Changing Your Coolant
You will need to change your coolant annually to ensure maximum efficiency. You always want to make sure that your coolant is working well, and after a while of it being in your car, it loses its effectiveness.
It is also a good habit to check the level of your coolant each month. This will be the fastest way to figure out if you have a leak somewhere, and you won’t risk your motorcycle overheating due to running low on coolant.
When you change your coolant, you will need a few items.
- A funnel
- New coolant
- A drain pan for catching the coolant
- A Screwdriver
- Distilled water(if you are diluting your coolant)
Before you begin messing with any fluids in a vehicle, it is always wise to put gloves on so as not to get anything on your hands. The large number of chemicals in vehicle fluids are too many to know how they affect you. They can all do possible damage to your skin, or cause reactions that you aren’t previously aware of. Gloves will also help your skin and nails from being stained by oil, grease, or dirt.

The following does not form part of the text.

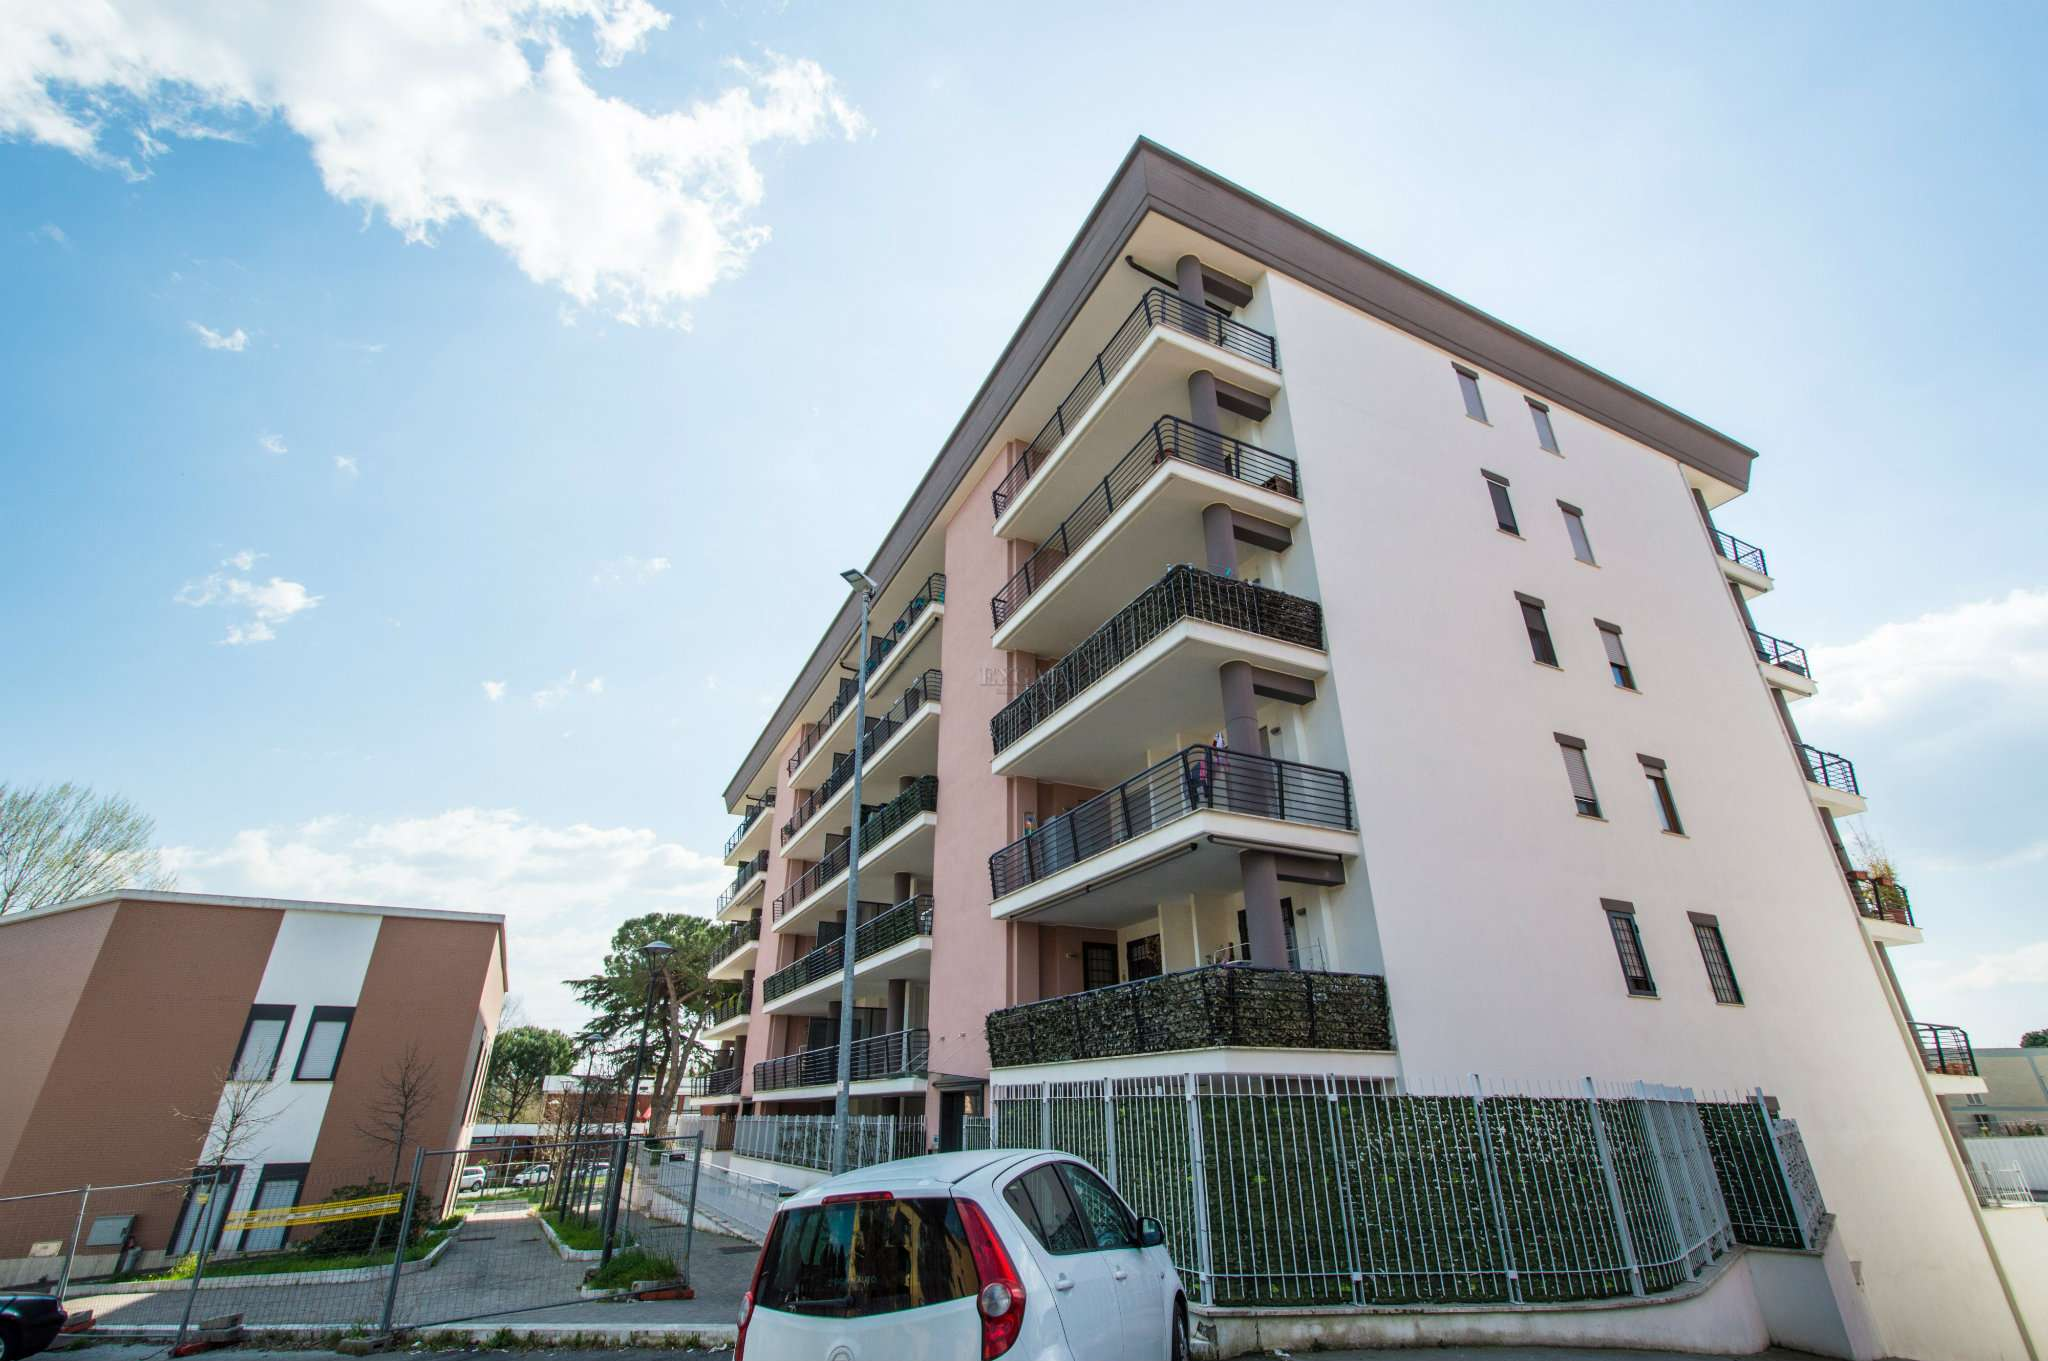 Bilocale in affitto a Roma in Via Lanciano, 60

10 Easy Steps to Replacing Your Coolant
- Place your bike upright on its stand. Place the drain pan under the plug where the coolant will come from.

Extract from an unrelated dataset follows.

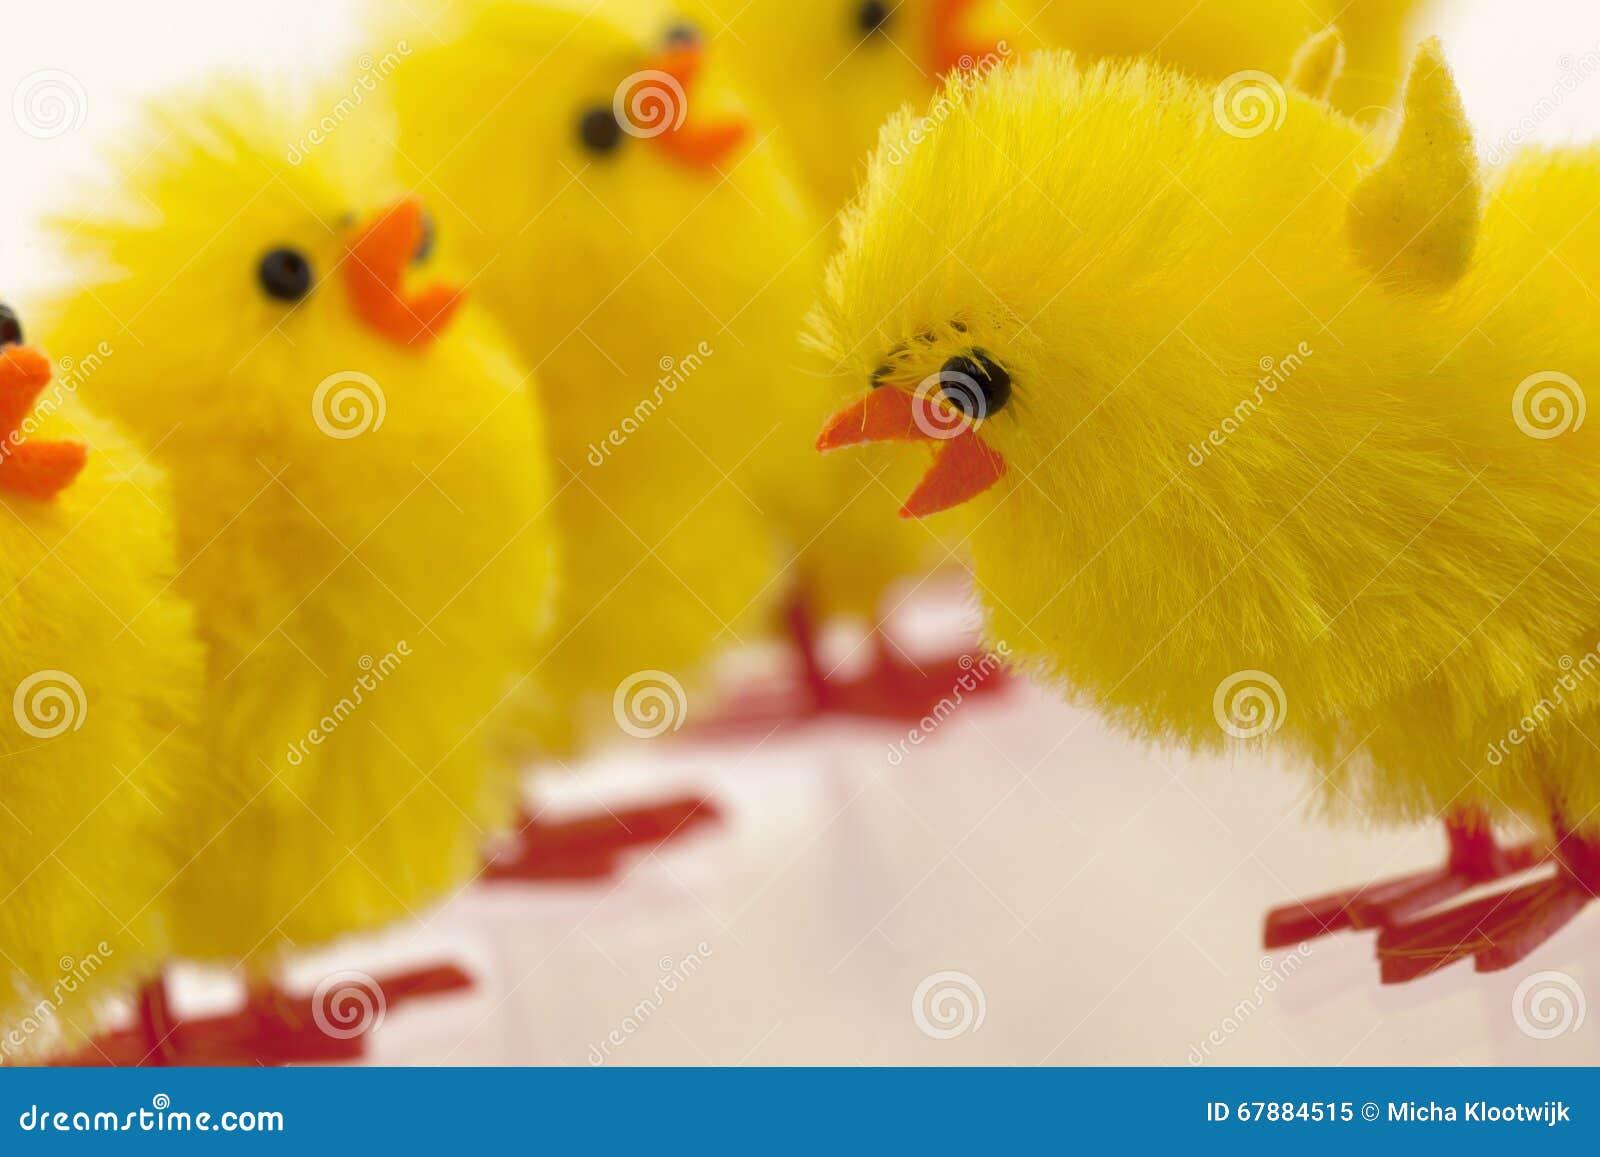 复活节小鸡丰盈,选择聚焦

- Make sure your radiator is cool. Locate your drain bolt and remove it, if your bike doesn’t have drain bolts, the lowest hose needs to be removed to drain it.
- After you remove the plug to drain it, remove your radiator cap. This allows for easy draining.

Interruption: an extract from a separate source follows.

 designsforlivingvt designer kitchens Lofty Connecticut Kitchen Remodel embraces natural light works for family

- While it is draining, prepare the coolant and the funnel. If you are diluting your coolant, make sure to use distilled water as tap water has chemicals and minerals that can cause erosion and build up.
- Clean the bolts, nuts, and washers before placing them back on the radiator. Then put your hose or your drain bolt back in.
- Place the funnel in your radiator, slowly pour your coolant in. You will want to stop regularly to allow any air to escape. If you need to remove air from the hoses, just squeeze them regularly.
- Place the radiator cap back on and start filling the header tank. You only want to fill this halfway.
- Check both the radiator and header tank for the correct levels of coolant. If either is incorrect, drain, or add whatever coolant you need to fix the issue.
- Turn your motorcycle on for a few moments, turn it off, and check the levels again. After getting the right levels, you can clean up your area.
- Make sure to keep coolant away from all pets and children. The coolant is toxic when ingested.
How Often Should You Have Your Coolant Flushed?
About every two to five years, it is recommended that you do a coolant flush. This is different than changing your coolant and is a rather complicated and tricky process, so it is recommended that it be done by a professional.
Flushing is recommended because:
- It can help remove the build-up that coolant can cause.
- It will increase the efficiency of your radiator.
- It can extend the lifespan of your engine.
If you choose to do maintenance to your vehicle yourself, be mindful of the costs associated with fixing problems that incorrect management of fluid or parts can cause.
While it may be cheaper to do the maintenance yourself on the front of it, the amount you would pay someone to fix a possible mess-up may get expensive. This is a choice you have to weigh out yourself. Saving money and being self-sufficient is a great thing, but you also don’t want to cause further problems in your vehicle.
Don’t Mix Motorcycle Coolants
Overall, it’s always best not to mix any fluid that goes into engines or machines due to the myriad of chemicals that they are made with. Not only could it cause a reaction that will hurt the engine, but it can also cause a vapor that could make you very sick.
Maintaining any vehicle is not a difficult thing to do as long as you do your research and know the risk involved in not consulting a professional.